Table 2. Logging Performance Related Service Requests
File type	Description
AWR reports	In case multiple RAC nodes execute the Oracle database, attach AWR reports for all database nodes. Be as specific as possible. For example, if the problem occurred in a specific time frame, limit the AWR to contain information only for the specified period. If possible, for example, reproduce the problem: create a snapshot, reproduce the problem, create another snapshot, and create an AWR report subsequently for the period between these snapshots.
Application log files	From the time in which the problem occurred. Please attach entire files, not just snippets. If possible, add timing information (see instructions elsewhere in this chapter to get these for user interfaces or web services).
Server log files	Of the specified period in which the problem occurred. Again, please attach entire files, not just snippets.
Oracle Health Insurance properties file	For the environment.
Garbage collection statistics	See instructions elsewhere in this chapter to gather garbage collection data automatically.
Heap dump	In case of out-of-memory issues. See instructions elsewhere in this chapter for automatically capturing a heap dump in case of out-of-memory exceptions.
Java Flight Recording files	See instructions elsewhere in this chapter for automatically creating these JFR files.

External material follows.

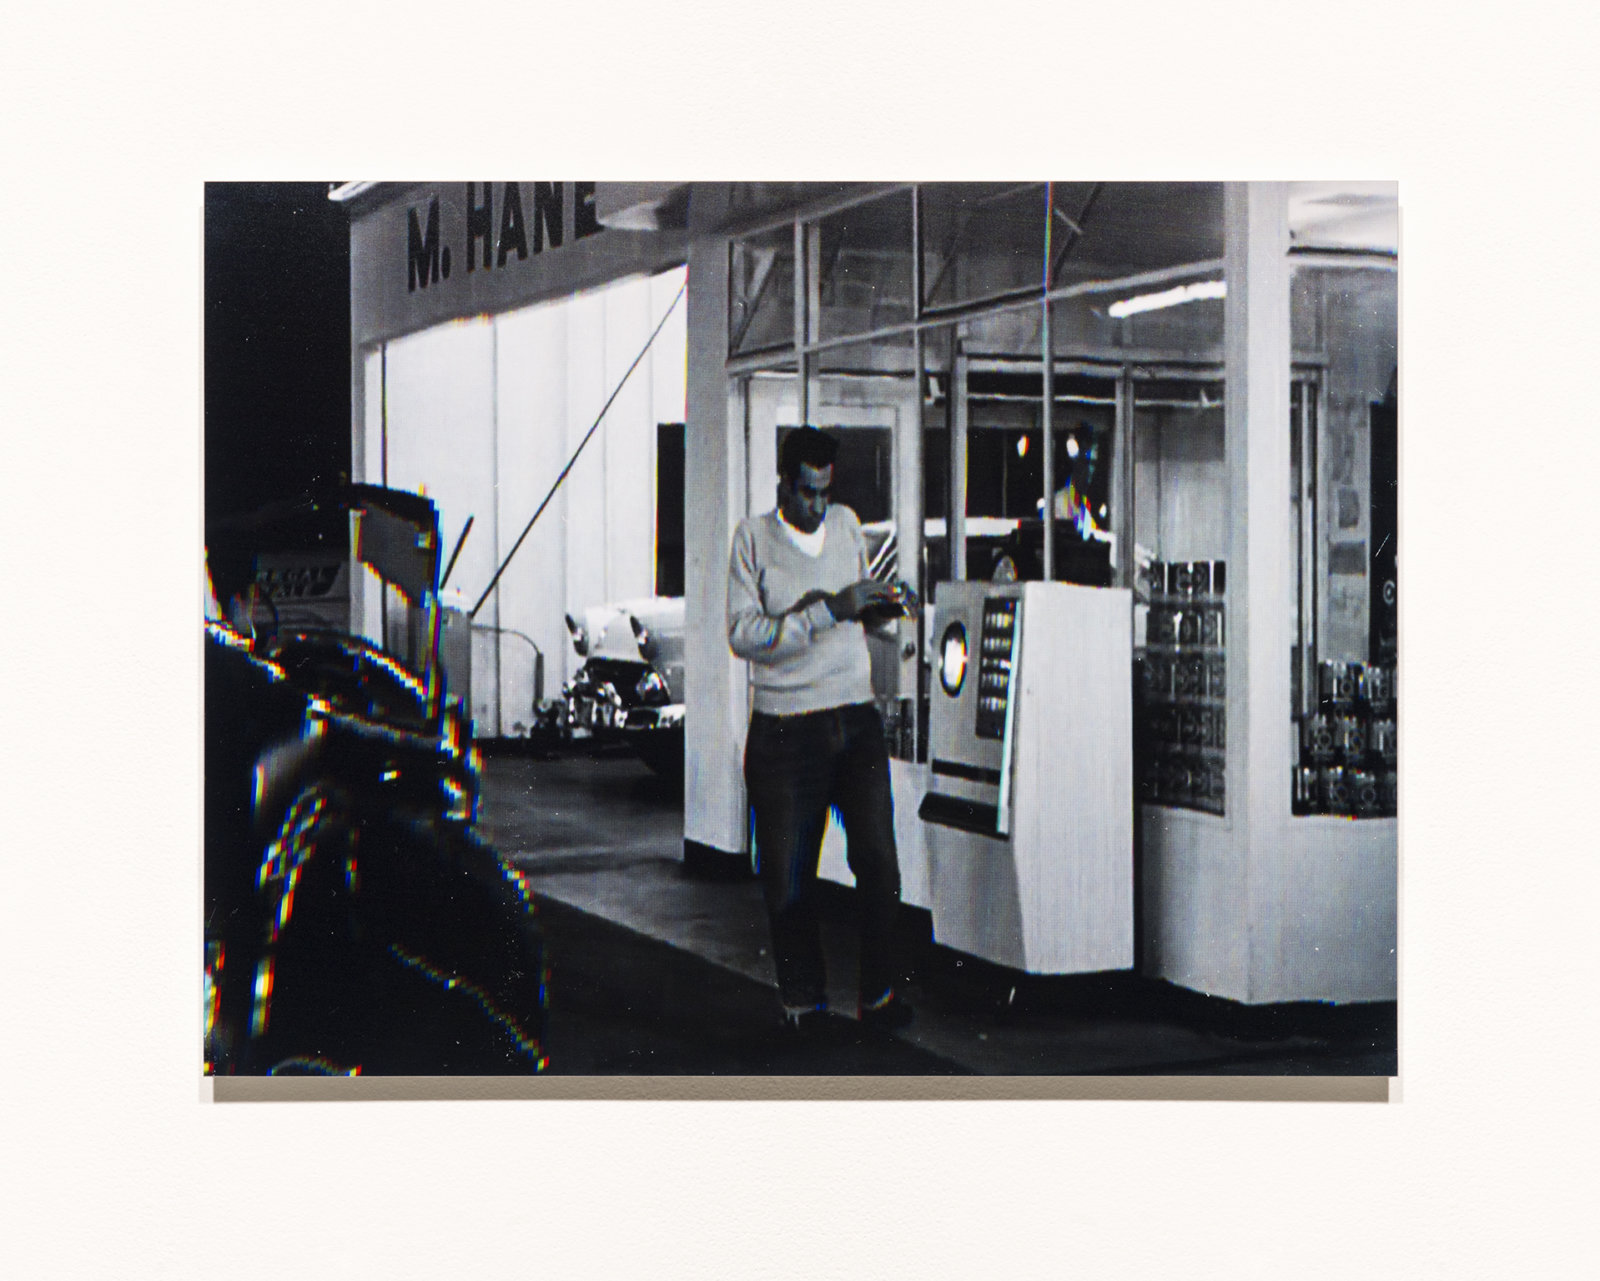 Raymond Boisjoly, Station to Station, 2014, 6 screen resolution lightjet print mounted on dibond, each 18 x 24 in. (46 x 61 cm)

User Interface Performance Checklist

Please provide answers to the following questions when encountering a user interface specific performance issue:

What was the action that caused the issue? For example, searching a Claim, press view Policies link, opening some dialog?
What was the time of the day? What other activities is the system processing around that time?
Is it possible to reproduce the problem at will (at least three times) on the same machine?
Is it possible to reproduce the problem in other environments at will?

In case the issue relates to an ADF user interface page:

How many browser tabs were open?
Does the problem reproduce after closing all other tabs?
What is running on the local workstation? Is it a virus scanner or any backup program? Alternatively, what is the CPU usage on the machine?
Does the problem reproduce after logging out of the system and starting from scratch?
Is it possible to reproduce the problem at will on other workstations?
Does the problem reproduce if all other user interface users log out and only one user logs in to reproduce?
What is running on the local workstation, for example, virus scanner, backup program? Alternatively, what is the CPU usage on the machine?
Does the problem reproduce after logging out of the system and starting from scratch?
Is it possible to reproduce the problem in other workstations at will?
Does the problem reproduce if all other user interface users log out and only one user logs in to reproduce?